Condos at Stein Eriksen Lodge in Park City, Utah.  (Click image to enlarge)

He found the perfect spot at the Colony at White Pine Canyon, a collection of single-family homesites in Park City, Utah. The large lot size allowed Guerin to build a 13,000-square-foot home as well as a six-stall horse barn that also has private guest accommodations. He can gear up in his ski room, step out the door and, with a few pole plants, be on the trails of the Canyons, the country’s fifth-largest ski resort. In the summer he can saddle up or ride his mountain bike on a 22-mile loop that winds through private forests and meadows.


The Colony in Park City, Utah, is offering ski-in/ski-out homesites from 4 to 113 acres and custom houses that start at $5.9 million.  (Click image to enlarge)

“It’s nice to have one house do it all,” says Guerin. Many like-minded second home buyers want their vacations to be immediate and hassle-free. They want to get away without taking too long to get there, and when they arrive they want everything taken care of—seamless airport transfers, refrigerators stocked, sidewalks shoveled, and dinner and tee times reserved. Guerin sees his vacation property as an extension of his Beverly Hills home. He spends several weekends during the ski season and weeks at a time during the summer there entertaining his family of 10 and numerous friends. When his private plane lands in Salt Lake City, he has a 40-minute drive to his home.

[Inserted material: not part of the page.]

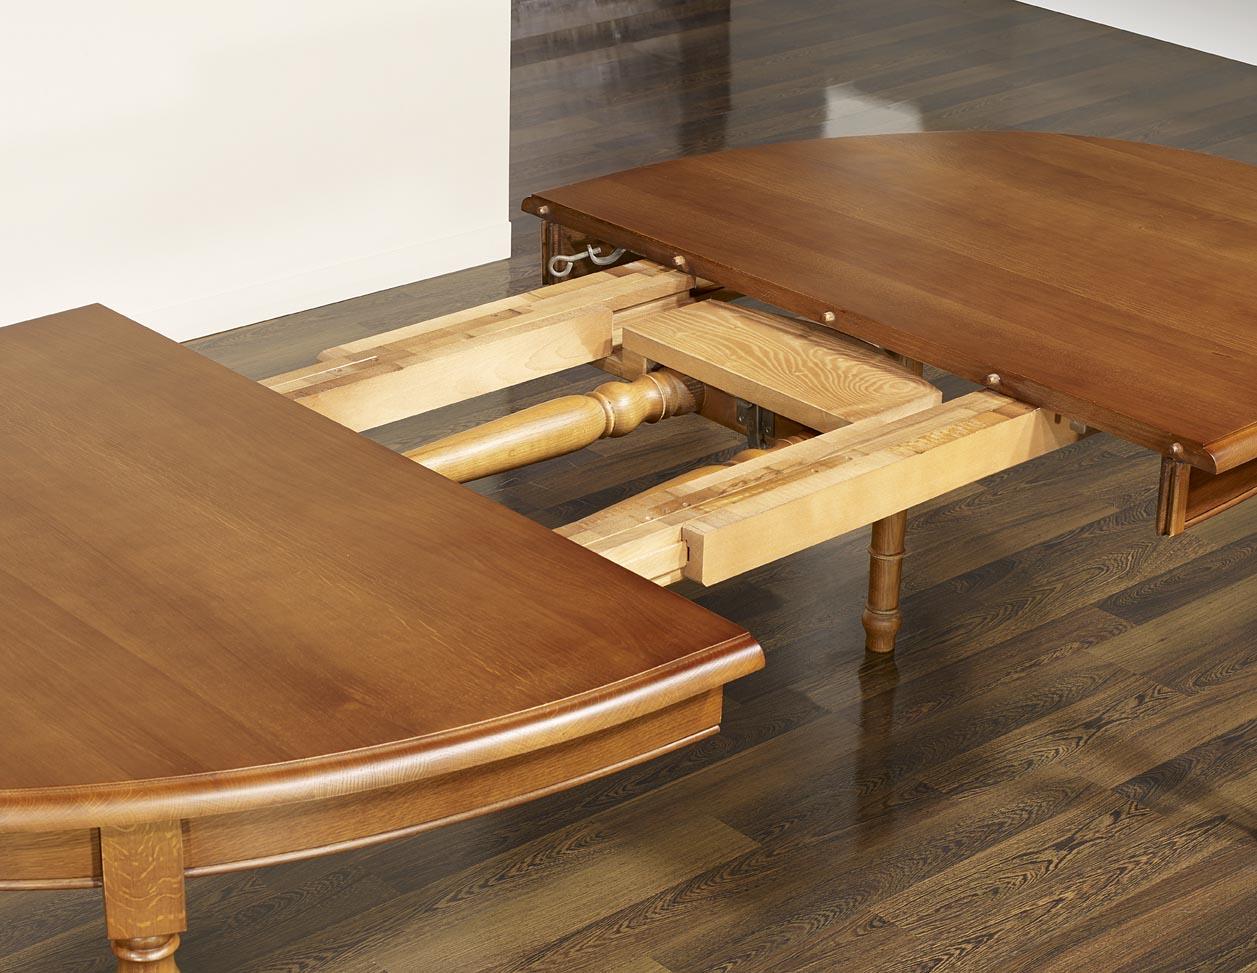 Table Ovale 170x110 En Chene Massif De Style Louis Philippe Avec 4

“The proximity to the airport is the biggest selling point for us by far,” says Steve Chin of Deer Valley Real Estate, where the second home market is rebounding after a building spurt that occurred prior to the 2002 Winter Olympics. “A soft market, the war and the overall economy brought our market to a standing halt in 2002,” says Chin. “But now consumer confidence is building, and people are taking the plunge.” They are snapping up an array of vacation home opportunities, from turnkey condo hotels to sprawling mountain ranches. “Values have dropped and created buying opportunities that we have not seen in Park City in more than eight years,” says Chin.